En effet, si aujourd’hui, la sécurité est revenue dans ces hameaux, les commodités indispensables à une vie normale font défaut. Pourtant, ce ne sont pas les promesses qui ont manqué.
“Depuis l’adoption de la concorde civile et de la réconciliation nationale, ce sont les mêmes promesses faites par les pouvoirs publics”, dit-il. Il s’agit, entre autres, de goudronner les routes, de rétablir le courant électrique et de les aider à repeupler leurs villages. “
S’il y a une volonté de l’État pour nous aider, nous sommes prêts à repeupler nos villages et à retravailler les terres de nos ancêtres”, assure Aâmi Boualem, tout en expliquant les démarches déjà effectuées. “Nous avons eu des rencontres avec les maires qui se sont succédé à la tête de notre APC depuis le milieu des années 2000 et nous avons aussi évoqué les conditions à mettre en œuvre pour y retourner. À nos doléances, nous n’avons eu que des promesses. À ce jour, comme vous voyez, rien n’est encore fait pour prétendre à un éventuel retour vers ces villages”, explique-t-il. Aâmi Boualem n’oublie pas de nous faire part des rencontres avec le wali.
“Nous avons déjà exposé nos revendications à l’ex-wali de Tizi Ouzou lors d’une longue audience qu’il nous a accordée et qui s’est achevée tard dans la nuit. Pas plus tard que la semaine dernière, nous avons demandé une autre audience au nouveau wali pour lui rappeler que nous avons signé des engagements pour retourner dans nos villages si et seulement si l’État répondait à nos doléances”, précise encore Aâmi Boualem, qui souhaite que leurs appels aient un écho favorable auprès des autorités d’autant plus que cette région est déclarée zone d’ombre.
Les habitants de ces lieux oubliés espèrent aussi qu’un programme spécial d’aide à l’habitat rural leur soit accordé. “Nos maisons sont pratiquement inhabitables et anéanties. Si vraiment, on donne de l’importance au repeuplement de tous ces villages de zones d’ombre, il est important d’accorder une enveloppe financière équivalente à celle destinée à l’habitat rural pour aider toutes les personnes qui souhaitent s’y installer de nouveau. Vous verrez une zone lumineuse au lieu de zone d’ombre”, ironise notre interlocuteur.

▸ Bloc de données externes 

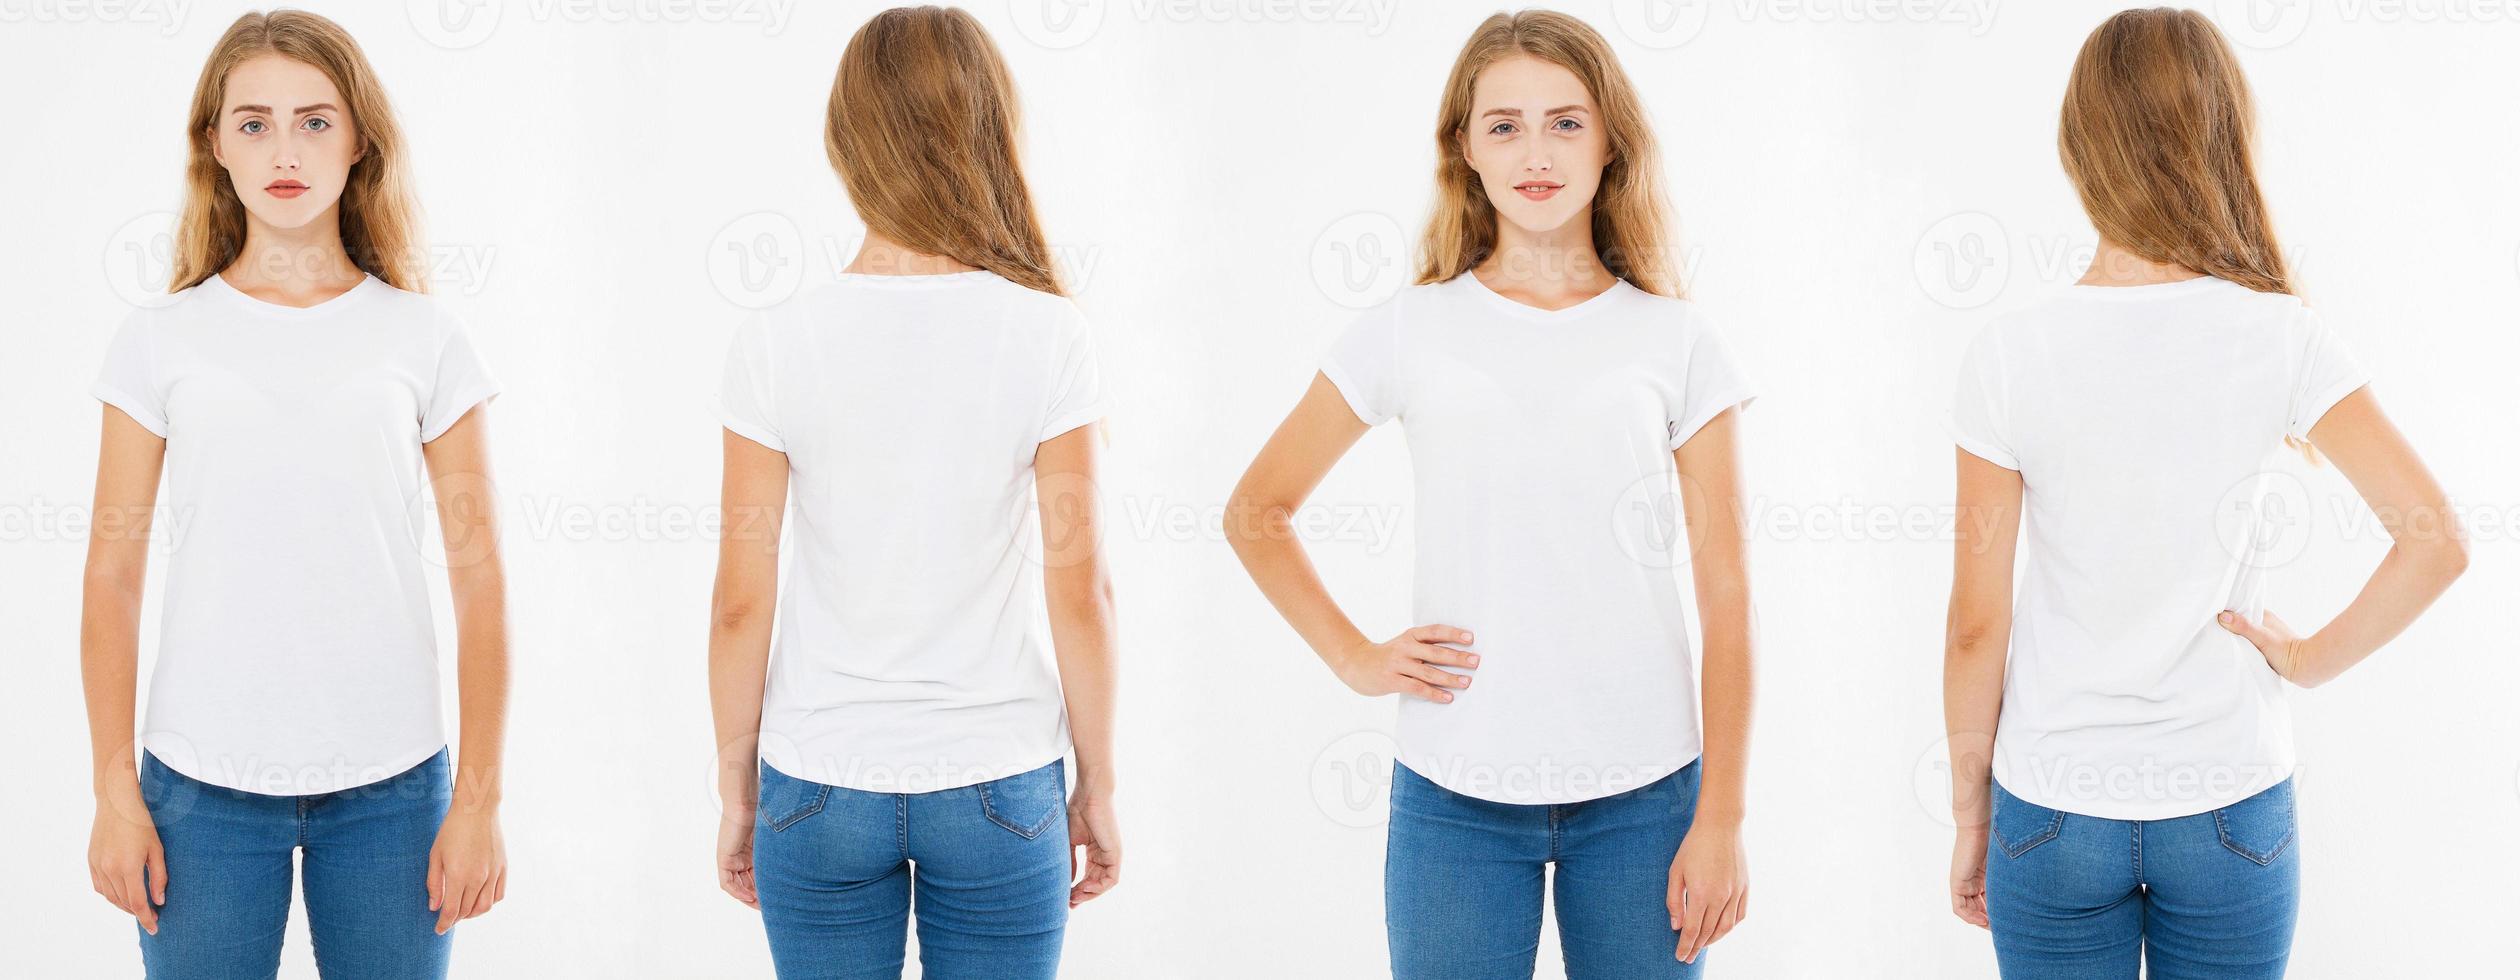 vit kvinnor t skjorta isolerat på vit bakgrund, tillbaka och främre visningar flickor i vit tshirt foto

En dépit du manque de commodités dans ces hameaux, les champs cultivés et entretenus pour lesquels les fellahs de cette contrée dévastée accordent tant d’importance et d’amour prédisent des lendemains meilleurs pour peu que les moyens suivent.
“Chaque jour, des lopins de terre sont défrichés et travaillés. C’est de bon augure pour le retour des personnes ayant fui Tazrout N’sidi Aïssa, Aïn Laghdir, Kachda et Sidi Sellam depuis déjà un quart de siècle”, espère Aâmi Boualem. Les autorités vont-elles exaucer leurs vœux ? Dans tous les cas, ces populations paysannes, qui avaient résisté jusqu’au jour où il ne leur était plus possible d’y vivre, veulent ressusciter leurs hameaux fantômes, mais qui ne manquent pas de beauté.